### [INFORMATION SHOWN]
------------------------------------
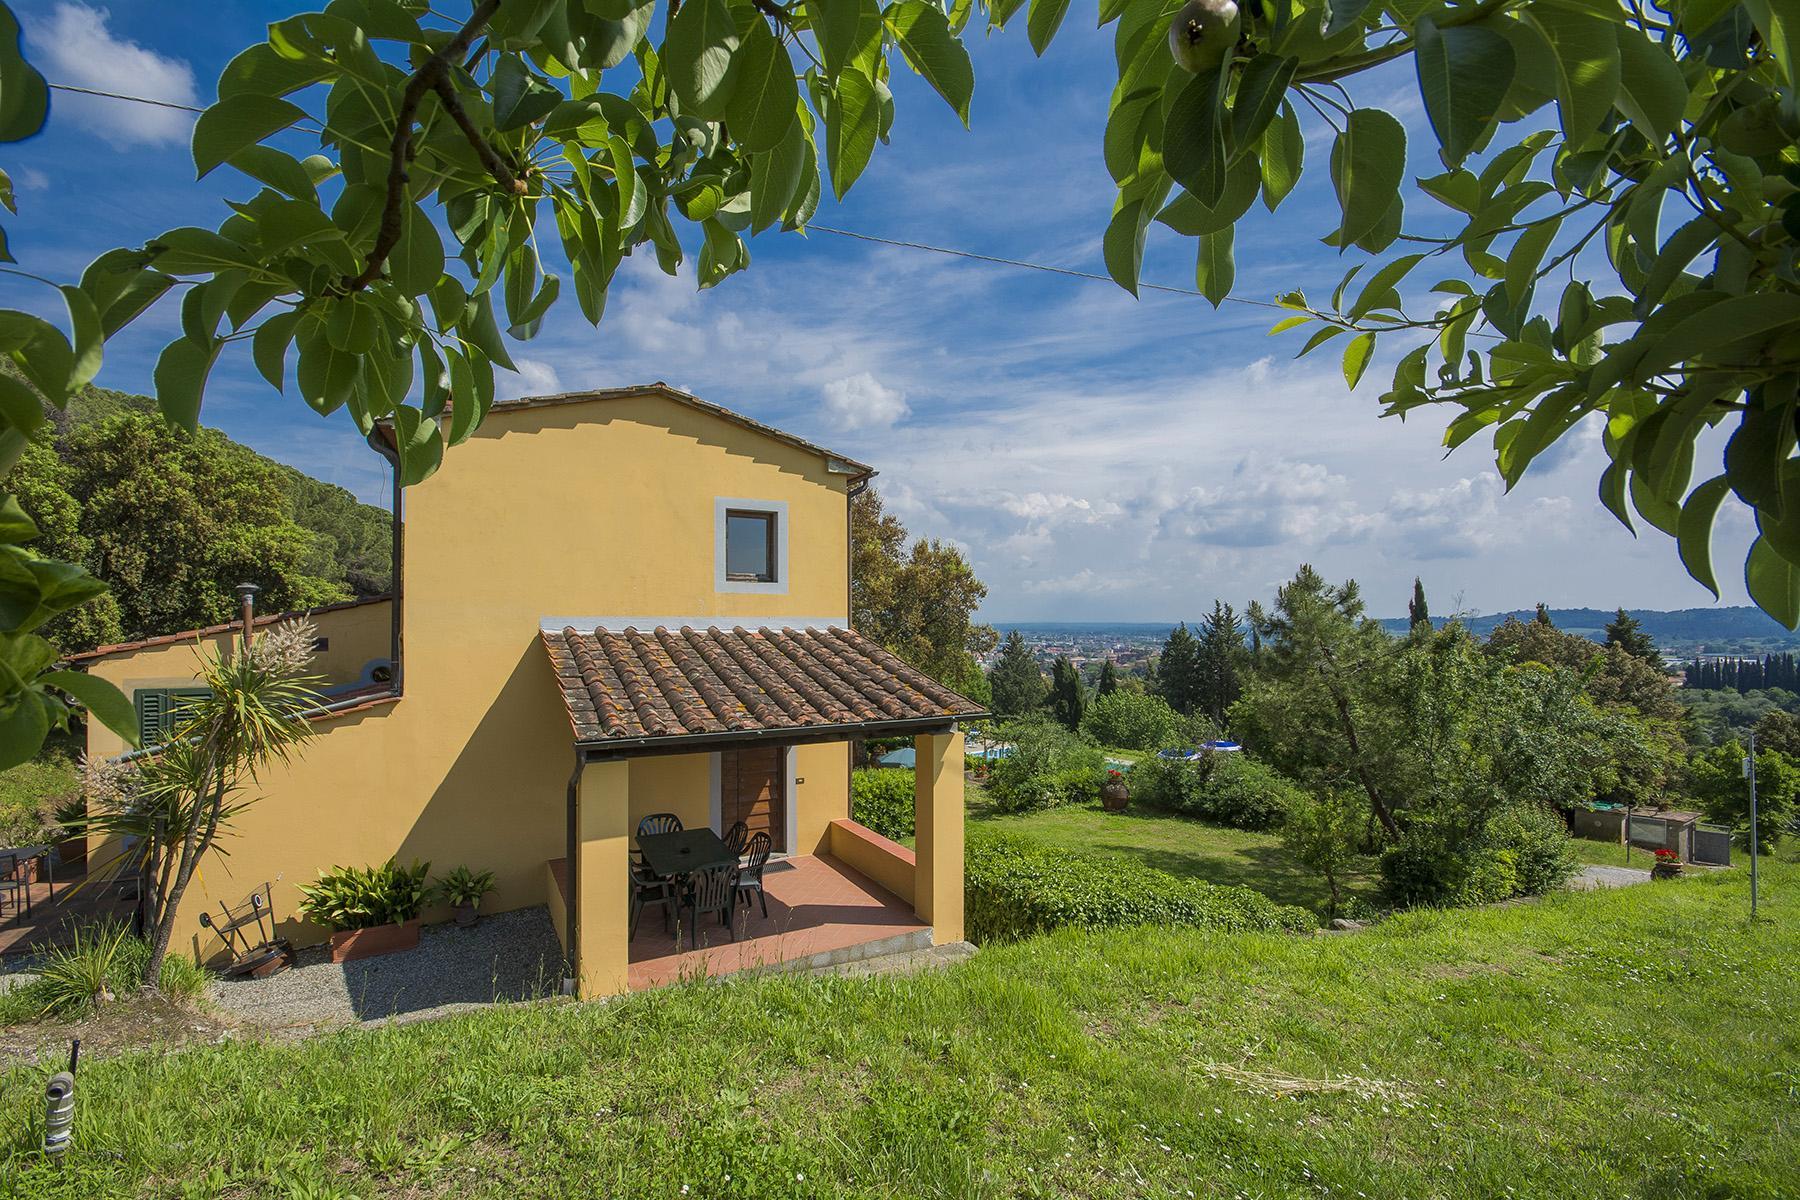 Belle maison de campagne dans les collines de Pescia - 35
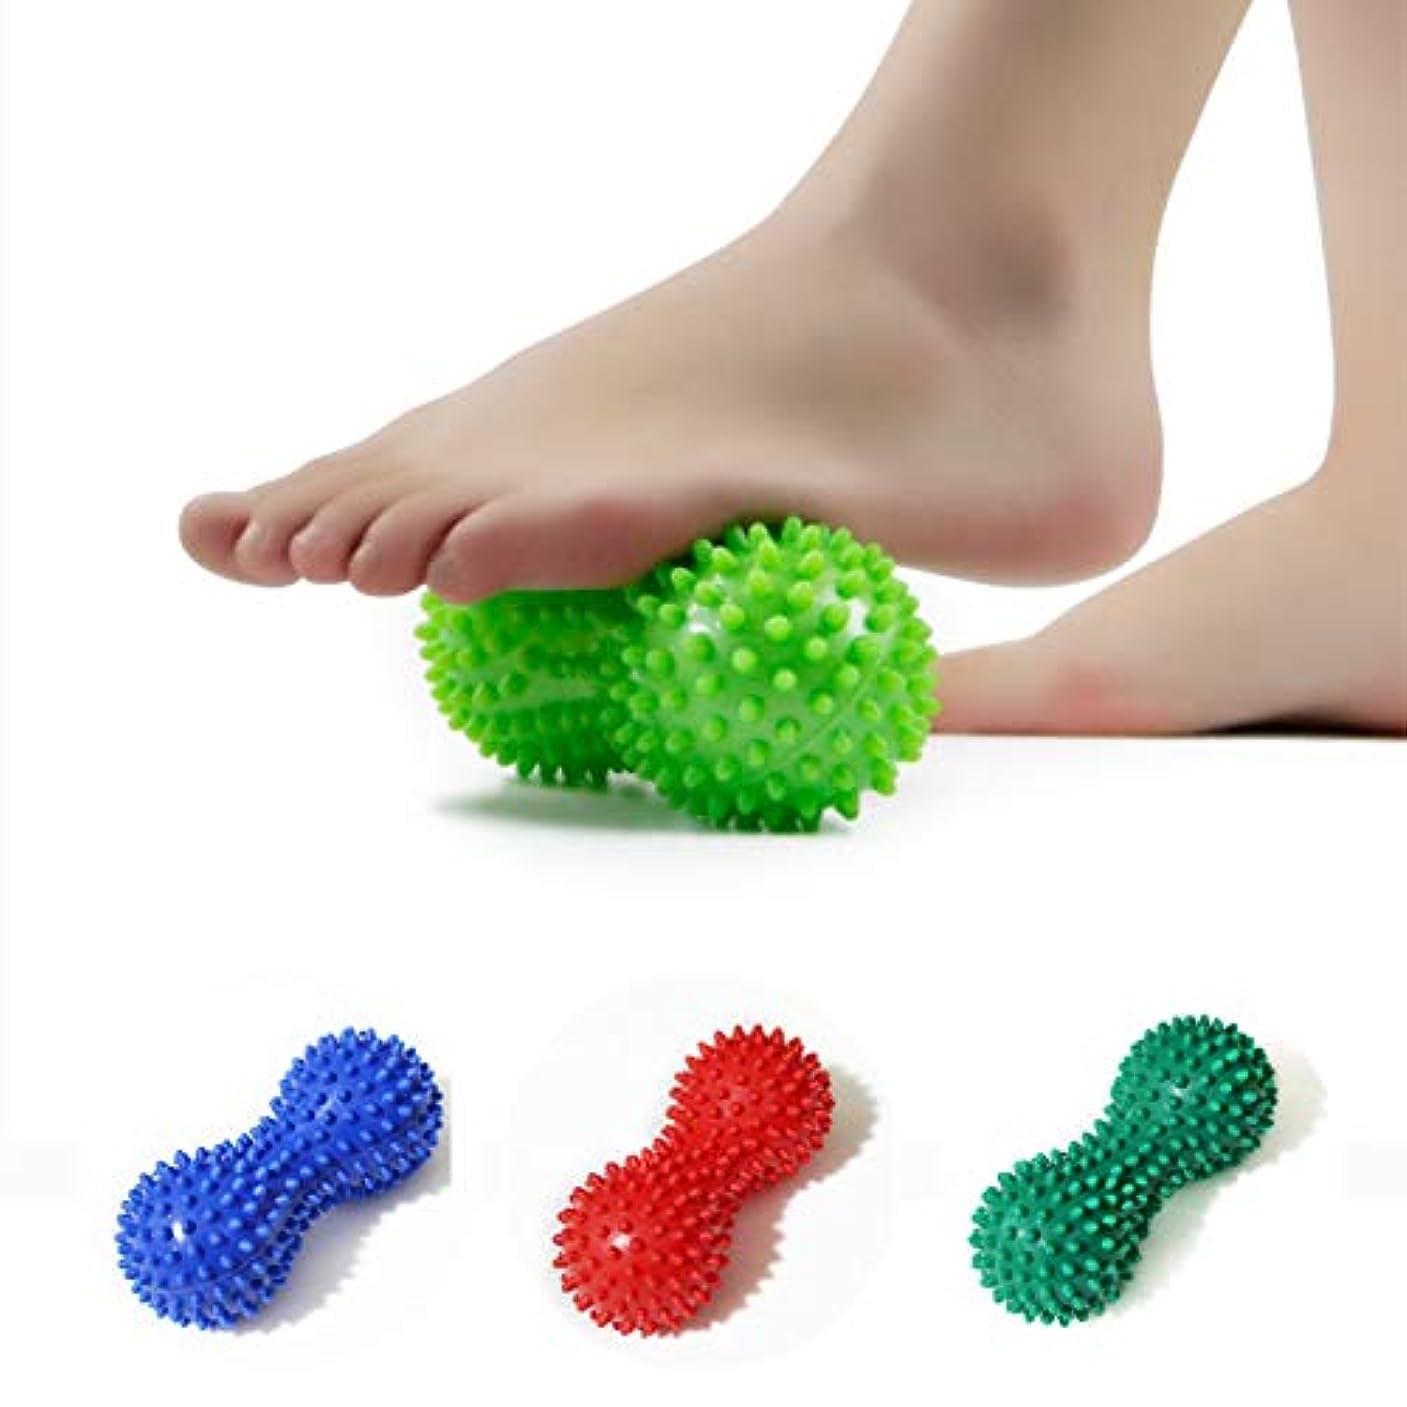 退却赤ちゃん中世のPeanut Shape Massage Yoga Sport Fitness Ball Durable PVC Stress Relief Body Hand Foot Spiky Massager Trigger Point...
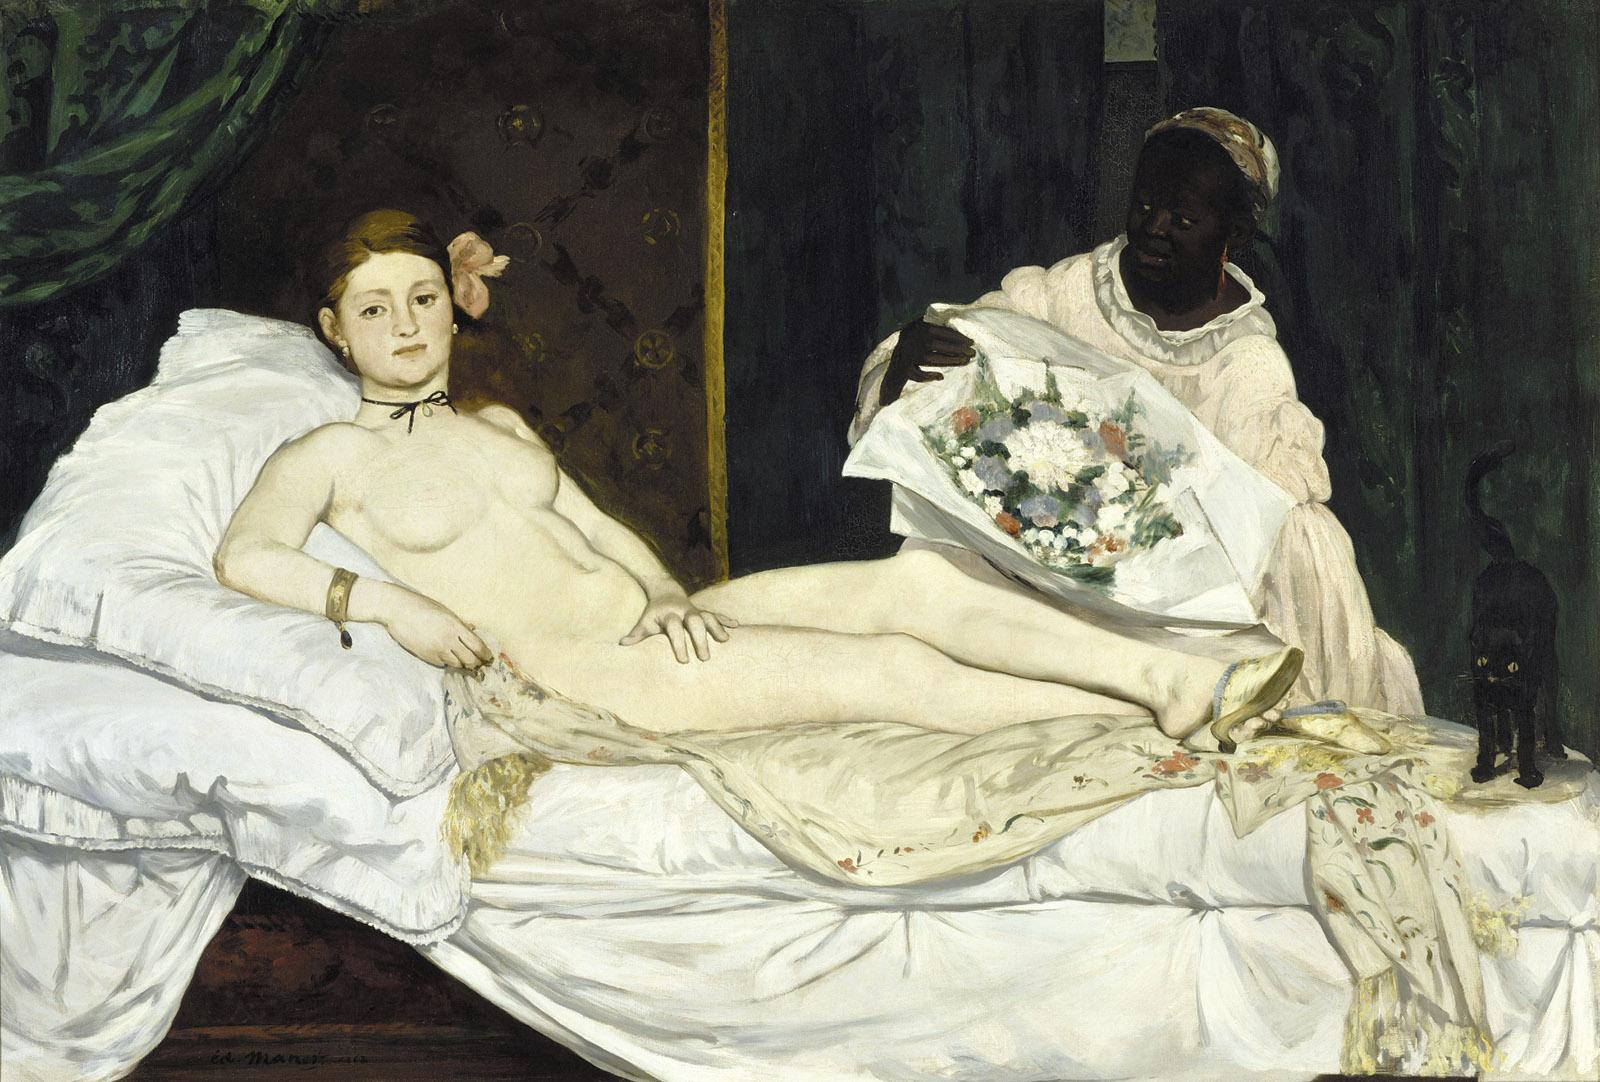 Édouard Manet's Olympia, 1863
------------------------------------
In this exercise, set down all of the data exactly, without the pictures.

 Belle maison de campagne dans les collines de Pescia - 35
 退却赤ちゃん中世のPeanut Shape Massage Yoga Sport Fitness Ball Durable PVC Stress Relief Body Hand Foot Spiky Massager Trigger Point...
 Édouard Manet's Olympia, 1863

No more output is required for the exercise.